Tutorial requirements
- MacOS/Linux laptop or Windows with PowerShell.
- Docker, Colima or OrbStack (to run Docker Compose for the local observability stack).
- uv for package management.
- A code editor (VS Code, Cursor, Kiro or similar).
- LLM access, either via a vendor (Anthropic, OpenAI, etc) or local Ollama. With Ollama, we will be serving a 1B model, so you’ll need enough RAM and disk space.
- All materials will be distributed via a public GitHub repository with a README containing setup instructions and a Docker Compose file for the observability stack.
Key takeaways
- Understand why distributed tracing (rather than traditional metrics) is the primary observability signal for agentic AI systems.
- Be able to build an MCP server with custom tools using FastMCP and instrument it with OpenTelemetry.
- Know the OpenTelemetry GenAI and MCP semantic conventions and how they standardise telemetry across agent frameworks.
- Be able to visualise, query and dashboard agent traces using Jaeger.
- Understand the production observability landscape: auto-instrumentation libraries, sensitive data handling and compliance considerations.

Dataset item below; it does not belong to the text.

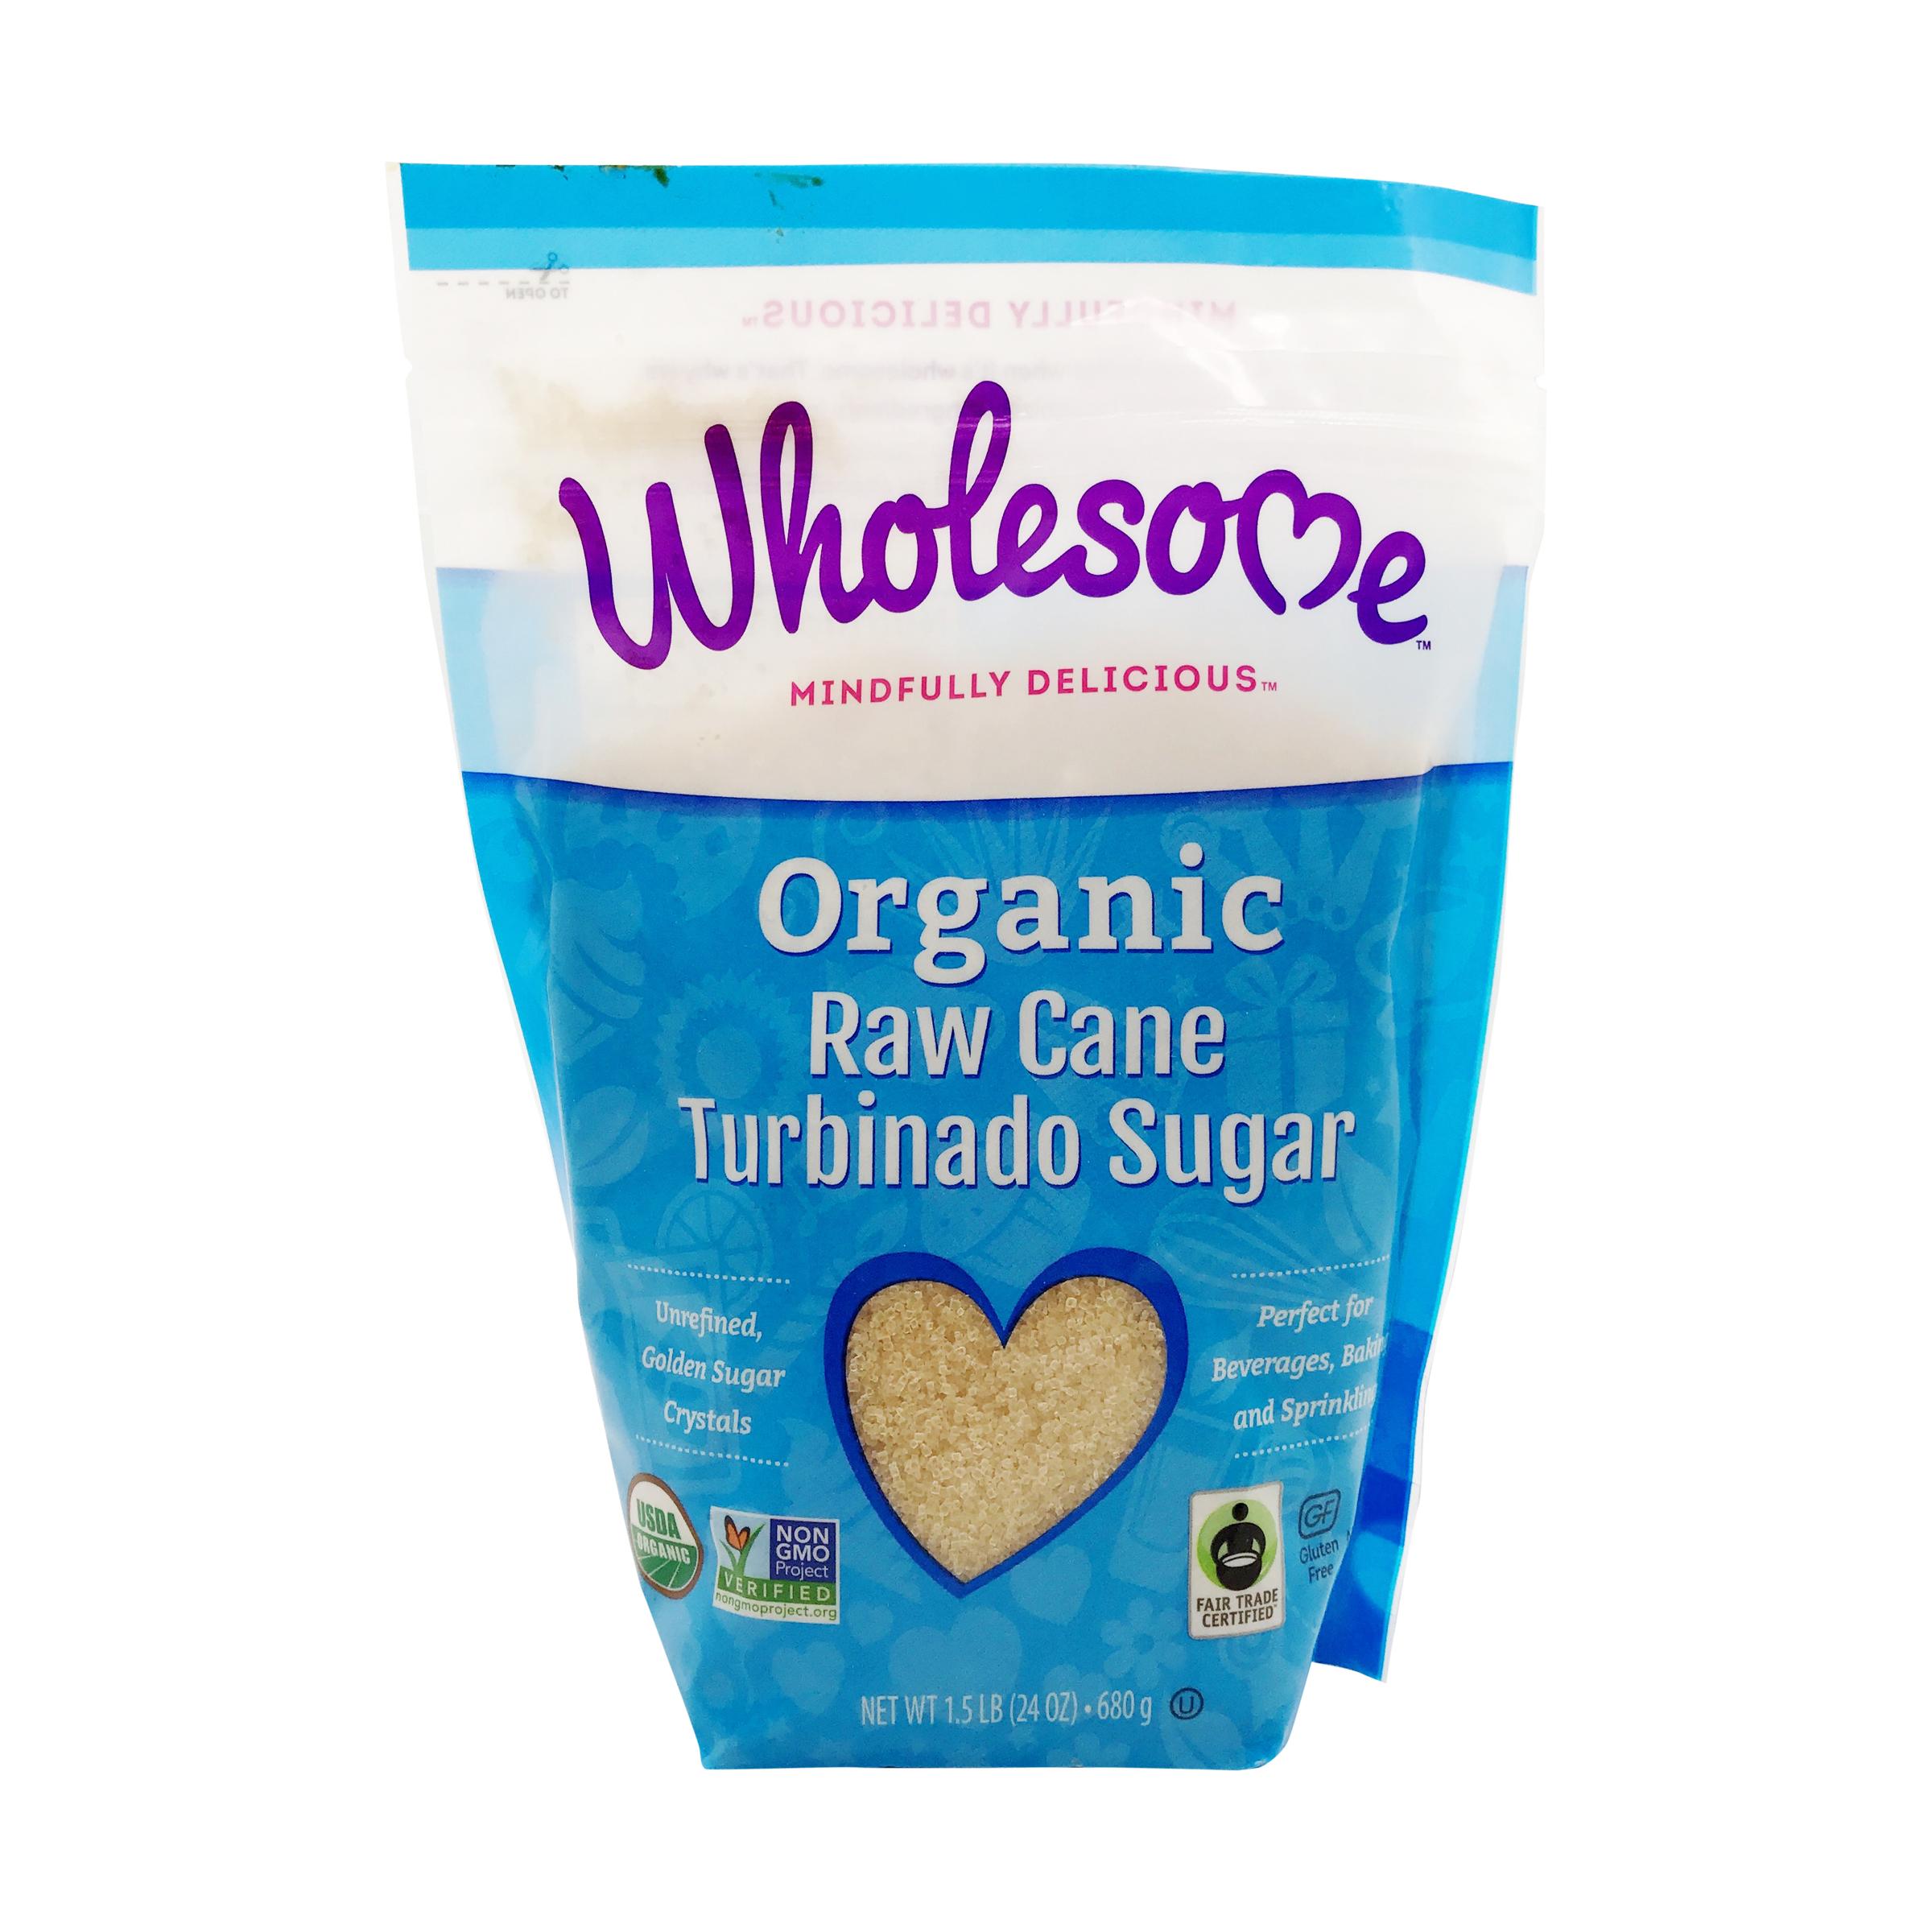 Organic Turbinado Raw Cane Sugar, 24 oz

Tun leads AI Engineering at Lenses, where he is focused on helping companies imagine and implement their strategic vision with agentic AI systems fuelled by real-time context. He was previously a Head of Data and Data/ML Engineer at high growth startups and has spent 20 years building data-intensive applications and leading T-shaped teams.
Tun is a co-organiser for the annual PyData London conference and co-founder of PyData Cornwall. He is a strong advocate in the Python AI engineering community and contributor to open source AI engineering and Apache Kafka tools.
In his spare time, Tun goes surfing, plays guitar and shoots 35mm film.
Data Engineer in AI Platform at The Economist, PyData Cornwall co-founder, and committed diversity and inclusion ally.